The Mulder-Hill heritability of residual variance ( $h_{d}^{2}$ ) is defined as the regression coefficient of the additive genetic values for the dispersion variable on the squared phenotypic deviation (Mulder et al., 2007) as an analogy to the heritability in the classical sense (Falconer and Mackay, 1996). The $h_{d}^{2}$ can be interpreted as an indication of the proportion of the total variance that is explained by genetic variability in residual dispersion ( ${\hat{σ}}_{g_{d}}^{2}$ ). In general, $h_{d}^{2}$ estimates are expected to be low, and based on empirical studies, it has been in the range of<0.01 to 0.10 for different species (reviewed by Hill and Mulder, 2010, and Iung et al., 2020). In our study, we found a $h_{d}^{2}$ of 0.033, which is in the intermediate range reported in previous studies and implies that reducing micro-environmental sensitivity by selection is possible. For the interpretation of results, it is also relevant to consider that other potential sources of variation in DGY could affect the estimation of genetic parameters with an impact on decreasing or increasing the amount of residual genetic variance captured. For example, genetic variation due to G×E interactions could also be present at the level of DGY. To address this issue, we have initially included in the model a G×E interaction effect modeled with a genomic relationship matrix within each environment, and a L×E interaction effect (as used to model EGY), however, those effects were later excluded due to convergence problems in the REML algorithm. An additional source of variation on residuals that could affect genetic parameters is a scale effect for higher means inducing higher variances in residuals (Falconer and Mackay, 1996; Yang et al., 2011; Mulder et al., 2016). This issue is further discussed in the next section “Genetic correlation between additive effects in EGY and DGY”.
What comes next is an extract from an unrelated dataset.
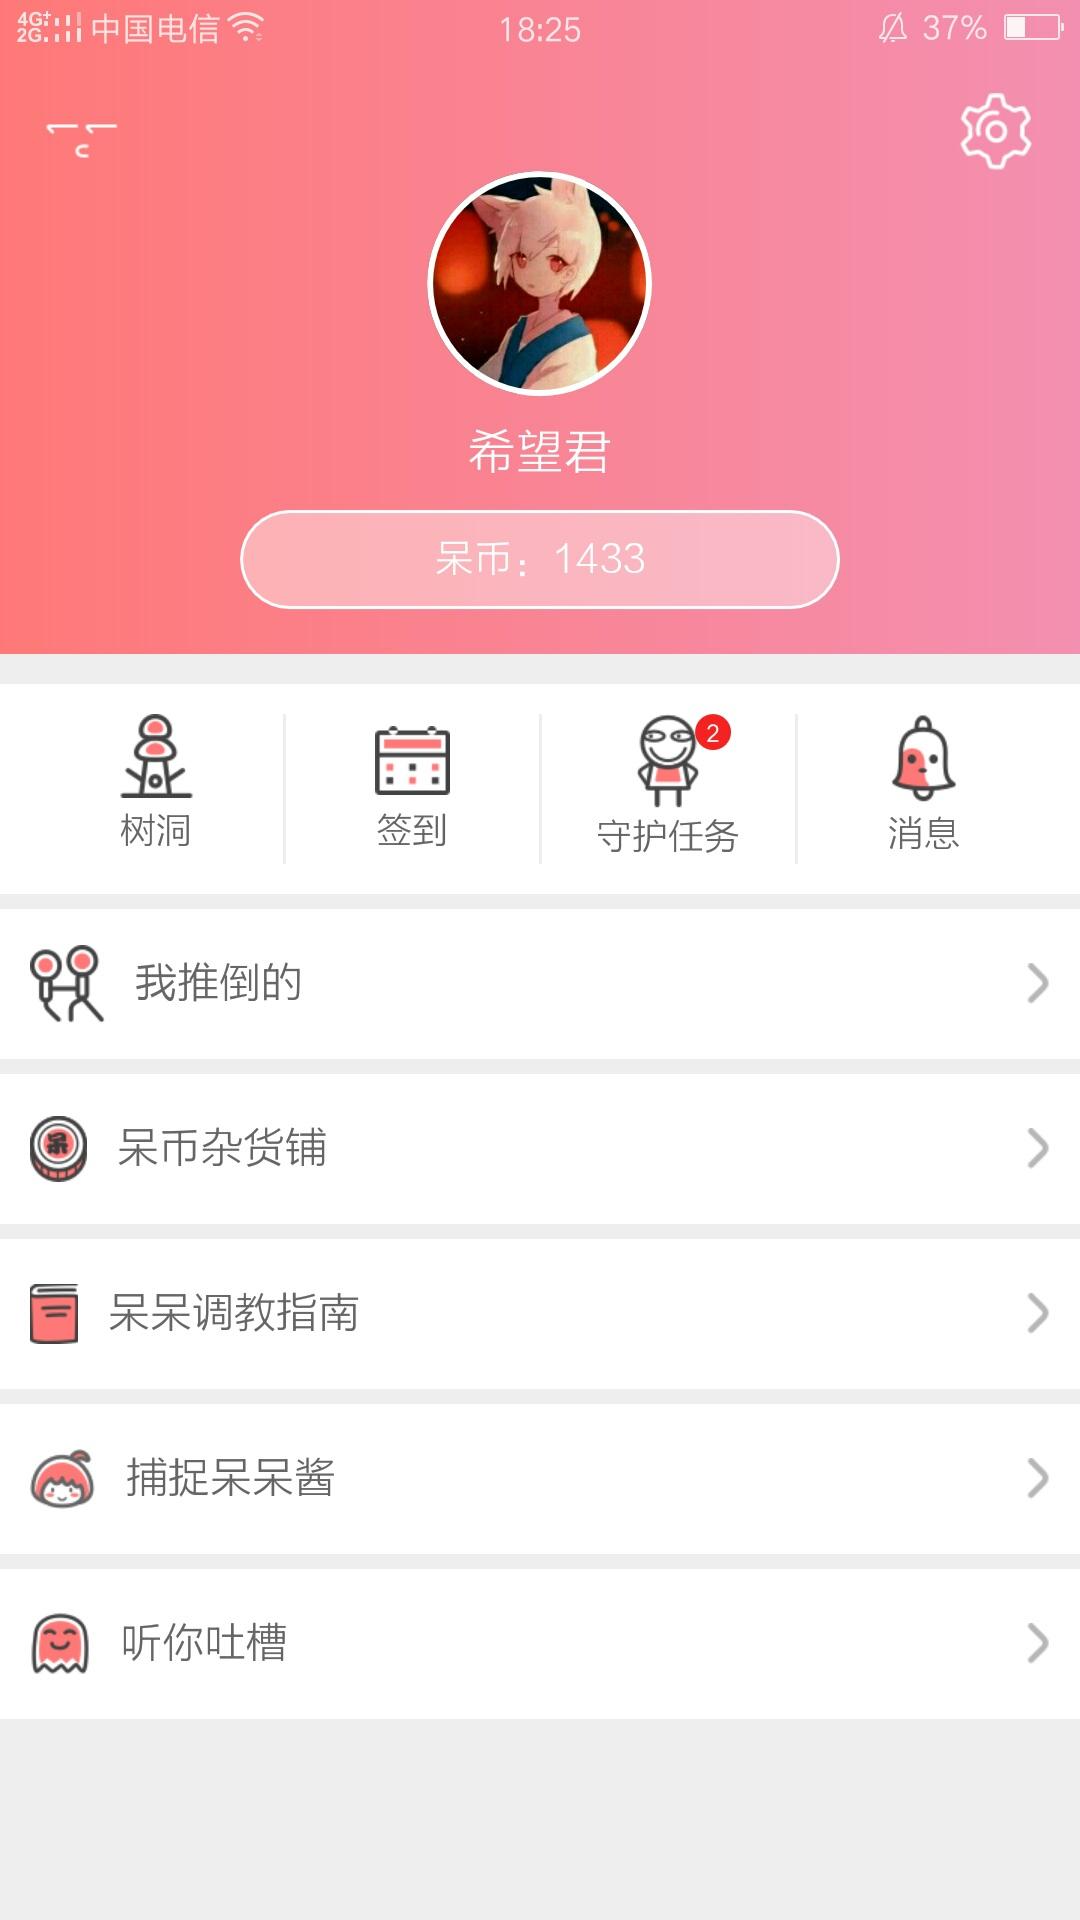 「分享」呆呆酱v2.4.5 二次元恋爱女友聊天机器人

The genetic coefficient of variation (GCV_E) allows inferring the potential for reducing micro-environmental sensitivity through selection (Mulder et al., 2007; Rönnegård et al., 2013; Mulder et al., 2016; Iung et al., 2017). Previous studies revealed large variation in the GCV_E across traits and species ranging from<0.01 to 0.86 (as reviewed by Sae-Lim et al., 2016 and Iung et al., 2020). In our population, we found a GCV_E of 0.061, which implies that reducing the average additive genetic values in dispersion in one unit of GCV_E will reduce the residual variance by 6.1% (Mulder et al., 2009). The GCV_E , is in addition, informative since (as the classical coefficient of variation) it can be compared across traits and species (Sonesson et al., 2013).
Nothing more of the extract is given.